*Exercise description*
In the records below, some lines contain the word "fleurs". Copy each of them.

[Records to process — start]

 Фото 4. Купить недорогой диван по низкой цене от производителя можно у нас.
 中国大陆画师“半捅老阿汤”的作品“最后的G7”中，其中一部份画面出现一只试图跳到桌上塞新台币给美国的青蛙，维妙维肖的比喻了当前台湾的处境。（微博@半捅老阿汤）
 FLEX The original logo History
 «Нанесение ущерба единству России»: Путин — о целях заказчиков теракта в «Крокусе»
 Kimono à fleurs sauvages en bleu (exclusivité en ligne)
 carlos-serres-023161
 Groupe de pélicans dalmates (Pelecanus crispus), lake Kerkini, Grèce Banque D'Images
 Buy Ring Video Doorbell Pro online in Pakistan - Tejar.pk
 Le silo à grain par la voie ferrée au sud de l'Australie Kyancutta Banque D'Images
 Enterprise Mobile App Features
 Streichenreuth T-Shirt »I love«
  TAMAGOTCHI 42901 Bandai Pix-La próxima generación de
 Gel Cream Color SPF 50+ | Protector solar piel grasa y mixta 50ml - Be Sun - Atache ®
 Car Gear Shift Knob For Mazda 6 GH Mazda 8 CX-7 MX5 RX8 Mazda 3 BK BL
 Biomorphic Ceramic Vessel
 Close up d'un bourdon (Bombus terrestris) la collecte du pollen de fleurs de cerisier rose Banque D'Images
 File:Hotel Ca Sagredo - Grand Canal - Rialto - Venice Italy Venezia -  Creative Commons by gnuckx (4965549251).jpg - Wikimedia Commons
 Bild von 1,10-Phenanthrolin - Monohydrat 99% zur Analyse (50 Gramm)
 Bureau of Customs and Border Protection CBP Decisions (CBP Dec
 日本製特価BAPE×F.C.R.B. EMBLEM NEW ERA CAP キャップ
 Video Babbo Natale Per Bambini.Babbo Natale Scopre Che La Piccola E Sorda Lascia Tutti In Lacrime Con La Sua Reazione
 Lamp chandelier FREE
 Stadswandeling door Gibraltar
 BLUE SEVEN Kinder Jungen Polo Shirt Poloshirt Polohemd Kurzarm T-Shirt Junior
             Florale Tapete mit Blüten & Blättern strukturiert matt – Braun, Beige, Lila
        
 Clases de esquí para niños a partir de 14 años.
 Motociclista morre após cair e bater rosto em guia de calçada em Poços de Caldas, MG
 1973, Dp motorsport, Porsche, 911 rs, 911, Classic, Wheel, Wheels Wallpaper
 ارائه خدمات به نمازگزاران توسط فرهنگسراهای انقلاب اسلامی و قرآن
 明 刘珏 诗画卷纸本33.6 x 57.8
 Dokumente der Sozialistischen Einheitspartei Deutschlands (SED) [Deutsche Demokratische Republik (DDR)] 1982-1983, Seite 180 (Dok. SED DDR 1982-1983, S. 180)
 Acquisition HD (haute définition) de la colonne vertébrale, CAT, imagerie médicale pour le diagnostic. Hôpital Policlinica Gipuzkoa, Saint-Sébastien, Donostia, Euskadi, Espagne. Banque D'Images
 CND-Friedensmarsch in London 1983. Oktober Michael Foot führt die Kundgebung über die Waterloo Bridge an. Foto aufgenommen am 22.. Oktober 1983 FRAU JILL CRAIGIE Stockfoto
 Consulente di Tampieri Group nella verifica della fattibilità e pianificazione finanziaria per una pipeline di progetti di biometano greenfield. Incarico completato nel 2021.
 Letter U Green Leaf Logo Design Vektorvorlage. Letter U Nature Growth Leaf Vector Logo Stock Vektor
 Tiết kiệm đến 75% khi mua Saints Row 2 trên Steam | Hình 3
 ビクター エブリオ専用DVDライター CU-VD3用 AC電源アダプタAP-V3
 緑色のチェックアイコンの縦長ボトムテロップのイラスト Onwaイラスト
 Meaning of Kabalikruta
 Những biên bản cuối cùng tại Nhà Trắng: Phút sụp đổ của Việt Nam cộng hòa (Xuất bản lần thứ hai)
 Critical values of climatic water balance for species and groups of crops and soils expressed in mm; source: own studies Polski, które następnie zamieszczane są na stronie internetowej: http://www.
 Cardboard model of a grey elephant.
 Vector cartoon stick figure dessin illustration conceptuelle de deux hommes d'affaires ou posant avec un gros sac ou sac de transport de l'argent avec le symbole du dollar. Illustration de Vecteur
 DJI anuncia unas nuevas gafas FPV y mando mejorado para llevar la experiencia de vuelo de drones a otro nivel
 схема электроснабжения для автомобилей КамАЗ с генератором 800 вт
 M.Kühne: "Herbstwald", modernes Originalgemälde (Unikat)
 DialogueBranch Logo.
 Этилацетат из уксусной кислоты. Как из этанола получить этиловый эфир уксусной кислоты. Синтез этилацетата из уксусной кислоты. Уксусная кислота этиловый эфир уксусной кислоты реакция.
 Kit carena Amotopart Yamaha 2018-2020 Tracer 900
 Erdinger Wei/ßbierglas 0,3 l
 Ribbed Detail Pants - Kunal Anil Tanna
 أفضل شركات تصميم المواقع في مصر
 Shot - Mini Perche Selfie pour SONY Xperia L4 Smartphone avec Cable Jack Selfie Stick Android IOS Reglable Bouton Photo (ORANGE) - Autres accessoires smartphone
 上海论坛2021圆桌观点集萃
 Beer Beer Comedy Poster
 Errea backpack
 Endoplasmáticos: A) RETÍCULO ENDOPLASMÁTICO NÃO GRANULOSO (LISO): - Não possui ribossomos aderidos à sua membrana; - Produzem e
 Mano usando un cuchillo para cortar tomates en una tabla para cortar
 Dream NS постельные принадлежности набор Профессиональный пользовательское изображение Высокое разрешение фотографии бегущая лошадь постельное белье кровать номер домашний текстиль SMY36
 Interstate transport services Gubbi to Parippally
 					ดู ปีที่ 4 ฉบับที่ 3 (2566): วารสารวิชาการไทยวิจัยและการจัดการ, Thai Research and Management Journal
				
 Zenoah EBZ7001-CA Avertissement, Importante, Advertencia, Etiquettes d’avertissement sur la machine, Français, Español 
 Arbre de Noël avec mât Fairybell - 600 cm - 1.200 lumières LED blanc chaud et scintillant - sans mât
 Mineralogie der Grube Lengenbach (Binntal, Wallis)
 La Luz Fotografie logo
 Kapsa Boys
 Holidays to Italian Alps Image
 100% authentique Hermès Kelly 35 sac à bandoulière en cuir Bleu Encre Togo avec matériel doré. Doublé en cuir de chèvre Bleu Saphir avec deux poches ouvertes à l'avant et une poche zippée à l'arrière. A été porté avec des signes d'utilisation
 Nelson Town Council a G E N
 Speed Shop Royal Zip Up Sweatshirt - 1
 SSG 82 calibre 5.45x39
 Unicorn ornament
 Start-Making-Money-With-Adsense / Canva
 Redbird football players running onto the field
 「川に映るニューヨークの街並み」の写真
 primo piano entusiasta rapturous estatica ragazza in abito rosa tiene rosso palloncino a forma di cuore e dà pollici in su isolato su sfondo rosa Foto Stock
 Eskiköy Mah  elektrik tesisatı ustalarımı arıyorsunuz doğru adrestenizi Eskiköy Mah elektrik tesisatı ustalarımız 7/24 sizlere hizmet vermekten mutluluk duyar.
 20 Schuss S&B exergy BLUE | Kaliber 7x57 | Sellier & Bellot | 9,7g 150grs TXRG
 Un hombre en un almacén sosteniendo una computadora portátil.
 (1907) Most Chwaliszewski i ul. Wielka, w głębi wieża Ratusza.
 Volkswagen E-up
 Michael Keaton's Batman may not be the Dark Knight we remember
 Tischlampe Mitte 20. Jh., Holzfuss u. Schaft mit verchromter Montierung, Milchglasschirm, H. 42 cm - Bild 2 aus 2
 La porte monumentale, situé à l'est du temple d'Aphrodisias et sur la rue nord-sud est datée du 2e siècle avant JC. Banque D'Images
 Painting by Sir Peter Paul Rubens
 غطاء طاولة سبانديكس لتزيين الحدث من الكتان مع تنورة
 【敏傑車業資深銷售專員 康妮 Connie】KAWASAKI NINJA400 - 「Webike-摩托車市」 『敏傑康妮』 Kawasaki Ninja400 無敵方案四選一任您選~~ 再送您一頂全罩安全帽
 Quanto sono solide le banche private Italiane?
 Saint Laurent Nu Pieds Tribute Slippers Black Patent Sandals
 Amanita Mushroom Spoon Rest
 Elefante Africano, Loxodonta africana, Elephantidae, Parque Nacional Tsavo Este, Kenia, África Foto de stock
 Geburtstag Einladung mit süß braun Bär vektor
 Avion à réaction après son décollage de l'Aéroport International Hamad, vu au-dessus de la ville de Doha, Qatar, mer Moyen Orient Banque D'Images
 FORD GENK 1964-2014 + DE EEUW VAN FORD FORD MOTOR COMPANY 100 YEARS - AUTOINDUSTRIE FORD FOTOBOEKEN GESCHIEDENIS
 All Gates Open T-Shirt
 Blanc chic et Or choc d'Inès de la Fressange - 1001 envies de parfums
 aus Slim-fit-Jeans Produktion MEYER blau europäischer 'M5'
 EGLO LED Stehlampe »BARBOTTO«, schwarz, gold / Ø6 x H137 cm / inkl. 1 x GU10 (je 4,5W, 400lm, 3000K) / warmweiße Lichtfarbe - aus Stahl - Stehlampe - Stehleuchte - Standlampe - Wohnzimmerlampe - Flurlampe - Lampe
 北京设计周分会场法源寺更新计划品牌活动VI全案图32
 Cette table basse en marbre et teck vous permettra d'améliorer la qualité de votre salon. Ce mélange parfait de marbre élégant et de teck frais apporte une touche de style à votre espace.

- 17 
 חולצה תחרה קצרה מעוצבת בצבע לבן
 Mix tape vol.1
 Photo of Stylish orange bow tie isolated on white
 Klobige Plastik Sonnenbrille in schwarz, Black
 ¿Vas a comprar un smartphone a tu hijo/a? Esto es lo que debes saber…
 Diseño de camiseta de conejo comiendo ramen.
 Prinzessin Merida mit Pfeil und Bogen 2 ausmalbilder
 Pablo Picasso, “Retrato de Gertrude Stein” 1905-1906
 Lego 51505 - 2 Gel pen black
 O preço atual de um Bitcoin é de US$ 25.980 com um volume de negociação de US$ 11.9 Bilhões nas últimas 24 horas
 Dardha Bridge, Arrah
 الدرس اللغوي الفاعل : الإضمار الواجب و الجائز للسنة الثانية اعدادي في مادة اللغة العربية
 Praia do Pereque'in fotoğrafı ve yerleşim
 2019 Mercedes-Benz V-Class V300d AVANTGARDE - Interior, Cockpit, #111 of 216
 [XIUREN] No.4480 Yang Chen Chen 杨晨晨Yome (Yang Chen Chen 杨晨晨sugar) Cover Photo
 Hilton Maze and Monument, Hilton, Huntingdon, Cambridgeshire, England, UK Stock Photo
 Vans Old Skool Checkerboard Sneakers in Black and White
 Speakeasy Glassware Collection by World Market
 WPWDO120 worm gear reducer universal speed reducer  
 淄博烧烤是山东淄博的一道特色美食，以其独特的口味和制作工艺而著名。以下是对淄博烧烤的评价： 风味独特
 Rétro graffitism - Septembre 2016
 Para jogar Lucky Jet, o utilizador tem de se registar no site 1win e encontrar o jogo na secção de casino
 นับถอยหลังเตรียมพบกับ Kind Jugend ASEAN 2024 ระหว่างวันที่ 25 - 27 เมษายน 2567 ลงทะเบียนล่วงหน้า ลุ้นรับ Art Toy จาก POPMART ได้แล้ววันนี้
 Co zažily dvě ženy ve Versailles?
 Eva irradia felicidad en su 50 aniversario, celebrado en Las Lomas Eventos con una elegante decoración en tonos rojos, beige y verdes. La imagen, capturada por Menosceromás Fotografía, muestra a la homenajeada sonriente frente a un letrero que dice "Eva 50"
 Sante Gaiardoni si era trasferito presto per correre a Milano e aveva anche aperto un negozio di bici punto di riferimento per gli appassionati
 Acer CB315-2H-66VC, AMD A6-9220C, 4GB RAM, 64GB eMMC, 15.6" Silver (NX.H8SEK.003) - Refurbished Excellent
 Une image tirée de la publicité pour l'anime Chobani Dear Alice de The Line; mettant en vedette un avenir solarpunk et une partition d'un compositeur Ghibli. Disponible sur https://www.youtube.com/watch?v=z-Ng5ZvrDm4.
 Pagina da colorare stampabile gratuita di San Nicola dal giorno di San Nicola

[Records to process — finish]

*Result for this task*
 Kimono à fleurs sauvages en bleu (exclusivité en ligne)
 Close up d'un bourdon (Bombus terrestris) la collecte du pollen de fleurs de cerisier rose Banque D'Images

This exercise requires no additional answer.